What you need to do
Which lines of the entries below contain the string "https"? Copy each one.

Items from a data source
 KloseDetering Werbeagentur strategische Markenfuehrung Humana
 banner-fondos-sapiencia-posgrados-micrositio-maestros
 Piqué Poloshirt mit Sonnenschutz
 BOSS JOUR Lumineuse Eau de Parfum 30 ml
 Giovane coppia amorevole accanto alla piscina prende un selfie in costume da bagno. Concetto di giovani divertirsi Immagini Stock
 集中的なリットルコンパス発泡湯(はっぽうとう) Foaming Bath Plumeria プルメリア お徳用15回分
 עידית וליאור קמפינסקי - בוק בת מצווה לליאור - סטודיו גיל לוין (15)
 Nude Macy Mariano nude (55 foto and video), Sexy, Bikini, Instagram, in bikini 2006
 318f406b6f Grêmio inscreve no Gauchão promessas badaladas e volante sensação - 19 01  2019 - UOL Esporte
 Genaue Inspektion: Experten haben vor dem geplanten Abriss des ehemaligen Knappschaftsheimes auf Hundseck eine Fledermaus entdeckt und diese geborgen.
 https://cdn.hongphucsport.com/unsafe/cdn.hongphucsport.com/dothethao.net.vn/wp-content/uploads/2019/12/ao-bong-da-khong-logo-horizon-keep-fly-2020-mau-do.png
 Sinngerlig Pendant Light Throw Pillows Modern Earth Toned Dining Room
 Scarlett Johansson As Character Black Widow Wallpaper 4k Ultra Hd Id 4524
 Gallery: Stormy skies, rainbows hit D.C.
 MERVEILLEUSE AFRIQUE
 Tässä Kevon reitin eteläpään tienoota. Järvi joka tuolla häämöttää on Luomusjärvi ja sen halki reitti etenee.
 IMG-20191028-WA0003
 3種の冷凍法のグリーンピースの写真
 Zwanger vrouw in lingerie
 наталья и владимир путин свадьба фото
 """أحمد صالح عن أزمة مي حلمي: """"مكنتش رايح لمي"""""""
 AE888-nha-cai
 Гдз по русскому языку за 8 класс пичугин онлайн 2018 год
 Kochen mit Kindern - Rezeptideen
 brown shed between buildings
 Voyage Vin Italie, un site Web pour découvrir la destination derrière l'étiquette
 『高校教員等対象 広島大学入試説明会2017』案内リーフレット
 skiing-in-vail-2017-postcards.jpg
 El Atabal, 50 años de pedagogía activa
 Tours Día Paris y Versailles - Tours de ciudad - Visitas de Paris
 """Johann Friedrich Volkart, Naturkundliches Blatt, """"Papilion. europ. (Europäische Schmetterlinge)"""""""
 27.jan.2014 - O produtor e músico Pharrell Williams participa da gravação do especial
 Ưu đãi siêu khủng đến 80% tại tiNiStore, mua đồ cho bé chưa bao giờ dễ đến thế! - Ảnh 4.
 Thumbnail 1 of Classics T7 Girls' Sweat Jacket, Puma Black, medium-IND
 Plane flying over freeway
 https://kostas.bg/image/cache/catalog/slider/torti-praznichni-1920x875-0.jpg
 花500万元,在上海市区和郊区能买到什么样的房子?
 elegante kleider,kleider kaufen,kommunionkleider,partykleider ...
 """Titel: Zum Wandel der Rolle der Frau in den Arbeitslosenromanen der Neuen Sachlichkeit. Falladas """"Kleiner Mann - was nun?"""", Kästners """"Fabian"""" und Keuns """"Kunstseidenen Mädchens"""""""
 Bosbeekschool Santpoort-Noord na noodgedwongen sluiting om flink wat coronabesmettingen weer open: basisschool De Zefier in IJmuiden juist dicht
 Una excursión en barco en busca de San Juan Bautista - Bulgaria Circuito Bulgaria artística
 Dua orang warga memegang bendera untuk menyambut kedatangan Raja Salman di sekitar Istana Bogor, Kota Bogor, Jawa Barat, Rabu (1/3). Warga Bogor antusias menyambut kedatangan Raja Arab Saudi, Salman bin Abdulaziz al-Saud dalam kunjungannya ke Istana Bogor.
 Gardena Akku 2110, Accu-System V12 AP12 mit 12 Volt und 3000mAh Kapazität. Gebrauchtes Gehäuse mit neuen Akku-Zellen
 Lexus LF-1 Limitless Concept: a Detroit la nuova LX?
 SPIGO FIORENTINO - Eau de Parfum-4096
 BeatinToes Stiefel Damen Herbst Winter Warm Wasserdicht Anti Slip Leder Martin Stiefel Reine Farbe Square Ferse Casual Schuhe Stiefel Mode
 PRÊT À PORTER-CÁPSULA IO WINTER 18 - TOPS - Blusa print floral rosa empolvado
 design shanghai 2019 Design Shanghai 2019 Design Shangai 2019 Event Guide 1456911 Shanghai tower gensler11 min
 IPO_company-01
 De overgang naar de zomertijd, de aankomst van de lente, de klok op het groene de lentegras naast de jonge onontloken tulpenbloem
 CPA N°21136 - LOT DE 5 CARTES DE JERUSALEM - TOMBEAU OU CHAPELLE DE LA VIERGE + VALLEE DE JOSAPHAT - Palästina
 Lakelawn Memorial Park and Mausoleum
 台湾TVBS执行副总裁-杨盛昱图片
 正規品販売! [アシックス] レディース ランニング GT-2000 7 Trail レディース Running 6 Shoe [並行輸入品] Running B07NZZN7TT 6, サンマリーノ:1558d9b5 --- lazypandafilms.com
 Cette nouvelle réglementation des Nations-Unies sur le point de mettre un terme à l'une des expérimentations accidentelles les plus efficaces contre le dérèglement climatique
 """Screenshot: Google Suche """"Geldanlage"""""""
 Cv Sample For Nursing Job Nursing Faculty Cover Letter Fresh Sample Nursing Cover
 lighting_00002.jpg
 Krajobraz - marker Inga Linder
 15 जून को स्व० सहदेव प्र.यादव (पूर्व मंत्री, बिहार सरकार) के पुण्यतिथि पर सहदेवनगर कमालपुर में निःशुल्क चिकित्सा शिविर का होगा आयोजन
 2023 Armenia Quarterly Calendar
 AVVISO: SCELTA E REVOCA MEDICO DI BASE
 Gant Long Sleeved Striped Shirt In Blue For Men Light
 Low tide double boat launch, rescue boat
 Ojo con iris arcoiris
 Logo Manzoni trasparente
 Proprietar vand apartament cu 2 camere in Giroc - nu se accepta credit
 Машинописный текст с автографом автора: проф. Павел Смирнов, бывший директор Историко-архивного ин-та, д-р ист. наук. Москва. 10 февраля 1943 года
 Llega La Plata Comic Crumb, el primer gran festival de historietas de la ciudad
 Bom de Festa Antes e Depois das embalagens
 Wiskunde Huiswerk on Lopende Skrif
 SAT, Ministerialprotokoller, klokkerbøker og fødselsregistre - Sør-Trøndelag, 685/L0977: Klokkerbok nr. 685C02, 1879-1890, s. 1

Result of this exercise
 https://cdn.hongphucsport.com/unsafe/cdn.hongphucsport.com/dothethao.net.vn/wp-content/uploads/2019/12/ao-bong-da-khong-logo-horizon-keep-fly-2020-mau-do.png
 https://kostas.bg/image/cache/catalog/slider/torti-praznichni-1920x875-0.jpg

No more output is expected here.